» **EXERCISE BRIEF**: Somewhere below, one line contains "Wiltshire Large Enamel Baking Dish 34cm" and a later line contains "Mondäner Kurort Franzensbad". Output those two lines and everything between them exactly, and nothing else.

» **DATA RECORDS**:
+---+

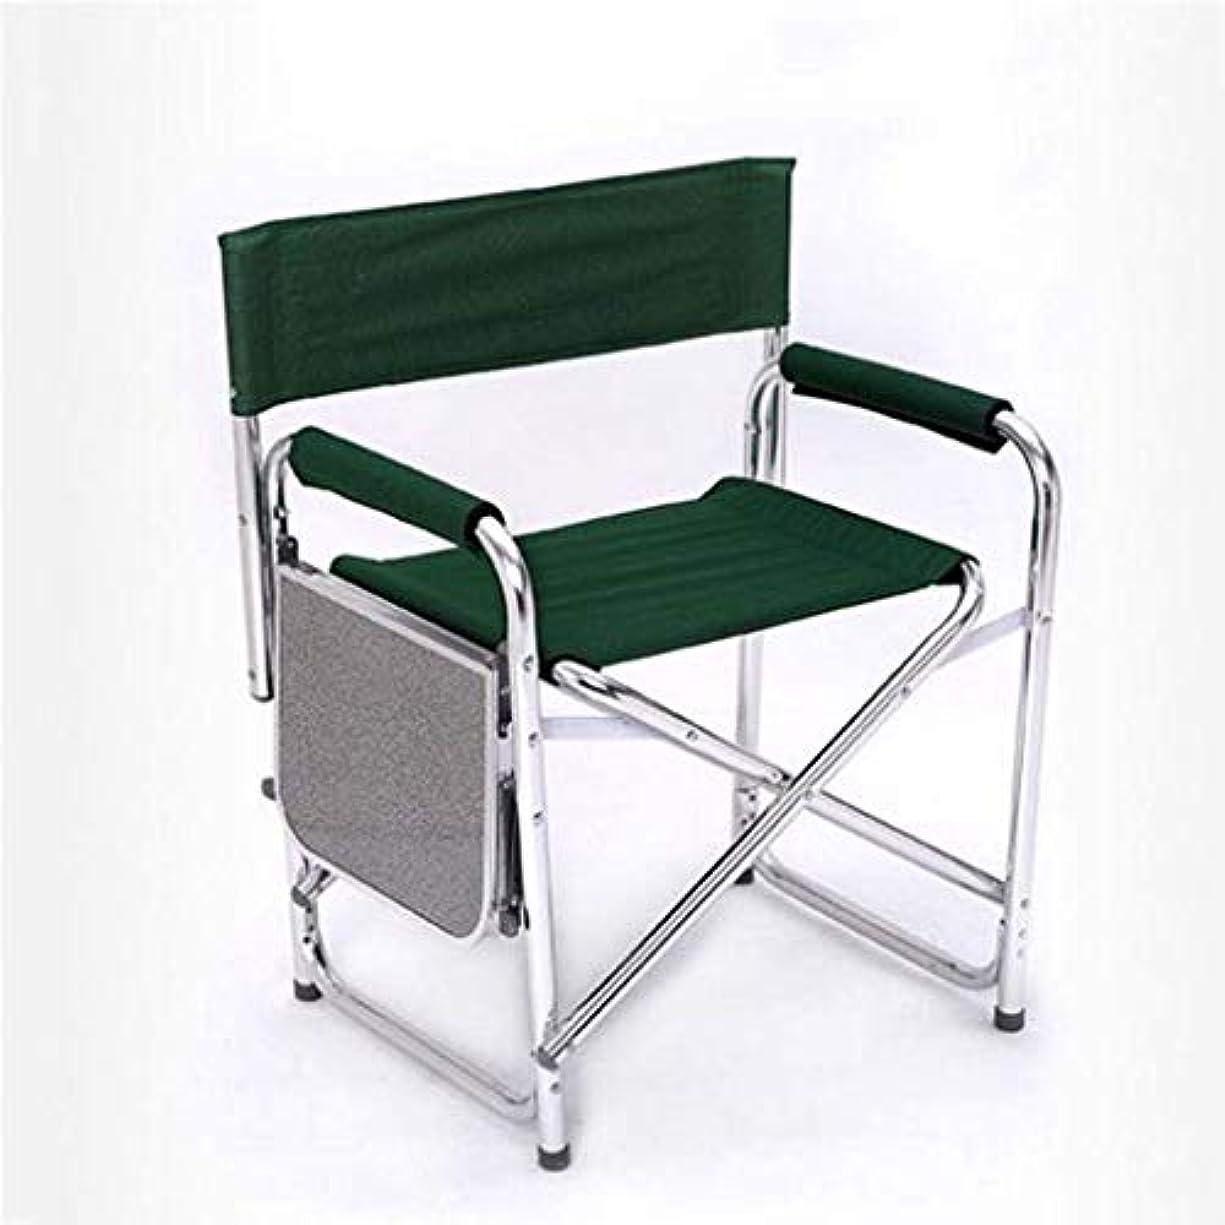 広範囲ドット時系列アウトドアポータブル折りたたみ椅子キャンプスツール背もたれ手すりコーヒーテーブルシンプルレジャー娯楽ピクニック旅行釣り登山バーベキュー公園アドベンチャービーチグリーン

+---+

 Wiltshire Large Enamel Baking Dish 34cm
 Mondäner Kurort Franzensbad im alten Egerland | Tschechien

+---+

» **ANSWER BOX**:
 Wiltshire Large Enamel Baking Dish 34cm
 Mondäner Kurort Franzensbad im alten Egerland | Tschechien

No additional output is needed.